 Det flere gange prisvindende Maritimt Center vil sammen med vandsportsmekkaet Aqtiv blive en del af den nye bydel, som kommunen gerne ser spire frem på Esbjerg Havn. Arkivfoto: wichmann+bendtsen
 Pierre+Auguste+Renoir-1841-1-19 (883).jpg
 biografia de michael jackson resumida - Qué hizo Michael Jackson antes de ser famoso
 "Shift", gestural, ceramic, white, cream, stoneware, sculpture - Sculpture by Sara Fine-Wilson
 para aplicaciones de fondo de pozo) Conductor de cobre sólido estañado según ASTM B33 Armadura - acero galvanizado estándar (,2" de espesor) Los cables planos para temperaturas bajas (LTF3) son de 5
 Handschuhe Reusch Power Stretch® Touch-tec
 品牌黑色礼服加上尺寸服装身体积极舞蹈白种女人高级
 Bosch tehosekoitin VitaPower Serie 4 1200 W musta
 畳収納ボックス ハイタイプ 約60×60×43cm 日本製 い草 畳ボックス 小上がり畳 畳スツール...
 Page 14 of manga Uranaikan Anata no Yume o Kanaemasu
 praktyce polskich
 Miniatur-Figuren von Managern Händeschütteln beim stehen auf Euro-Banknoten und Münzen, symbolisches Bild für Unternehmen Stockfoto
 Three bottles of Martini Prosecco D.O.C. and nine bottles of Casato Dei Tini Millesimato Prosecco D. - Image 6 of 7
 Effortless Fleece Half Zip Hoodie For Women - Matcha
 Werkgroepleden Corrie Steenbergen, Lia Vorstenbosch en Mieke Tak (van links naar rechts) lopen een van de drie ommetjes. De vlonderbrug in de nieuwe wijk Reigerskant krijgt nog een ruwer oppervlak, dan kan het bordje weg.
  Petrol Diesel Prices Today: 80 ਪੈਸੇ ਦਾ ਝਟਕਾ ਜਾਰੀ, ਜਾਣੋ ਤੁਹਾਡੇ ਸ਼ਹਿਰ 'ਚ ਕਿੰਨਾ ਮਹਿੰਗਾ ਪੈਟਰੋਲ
● ● ● ● ● ● ●
» PROBLEM:
Exactly as given, repeat every record above.

» RESPONSE:
 Det flere gange prisvindende Maritimt Center vil sammen med vandsportsmekkaet Aqtiv blive en del af den nye bydel, som kommunen gerne ser spire frem på Esbjerg Havn. Arkivfoto: wichmann+bendtsen
 Pierre+Auguste+Renoir-1841-1-19 (883).jpg
 biografia de michael jackson resumida - Qué hizo Michael Jackson antes de ser famoso
 "Shift", gestural, ceramic, white, cream, stoneware, sculpture - Sculpture by Sara Fine-Wilson
 para aplicaciones de fondo de pozo) Conductor de cobre sólido estañado según ASTM B33 Armadura - acero galvanizado estándar (,2" de espesor) Los cables planos para temperaturas bajas (LTF3) son de 5
 Handschuhe Reusch Power Stretch® Touch-tec
 品牌黑色礼服加上尺寸服装身体积极舞蹈白种女人高级
 Bosch tehosekoitin VitaPower Serie 4 1200 W musta
 畳収納ボックス ハイタイプ 約60×60×43cm 日本製 い草 畳ボックス 小上がり畳 畳スツール...
 Page 14 of manga Uranaikan Anata no Yume o Kanaemasu
 praktyce polskich
 Miniatur-Figuren von Managern Händeschütteln beim stehen auf Euro-Banknoten und Münzen, symbolisches Bild für Unternehmen Stockfoto
 Three bottles of Martini Prosecco D.O.C. and nine bottles of Casato Dei Tini Millesimato Prosecco D. - Image 6 of 7
 Effortless Fleece Half Zip Hoodie For Women - Matcha
 Werkgroepleden Corrie Steenbergen, Lia Vorstenbosch en Mieke Tak (van links naar rechts) lopen een van de drie ommetjes. De vlonderbrug in de nieuwe wijk Reigerskant krijgt nog een ruwer oppervlak, dan kan het bordje weg.
  Petrol Diesel Prices Today: 80 ਪੈਸੇ ਦਾ ਝਟਕਾ ਜਾਰੀ, ਜਾਣੋ ਤੁਹਾਡੇ ਸ਼ਹਿਰ 'ਚ ਕਿੰਨਾ ਮਹਿੰਗਾ ਪੈਟਰੋਲ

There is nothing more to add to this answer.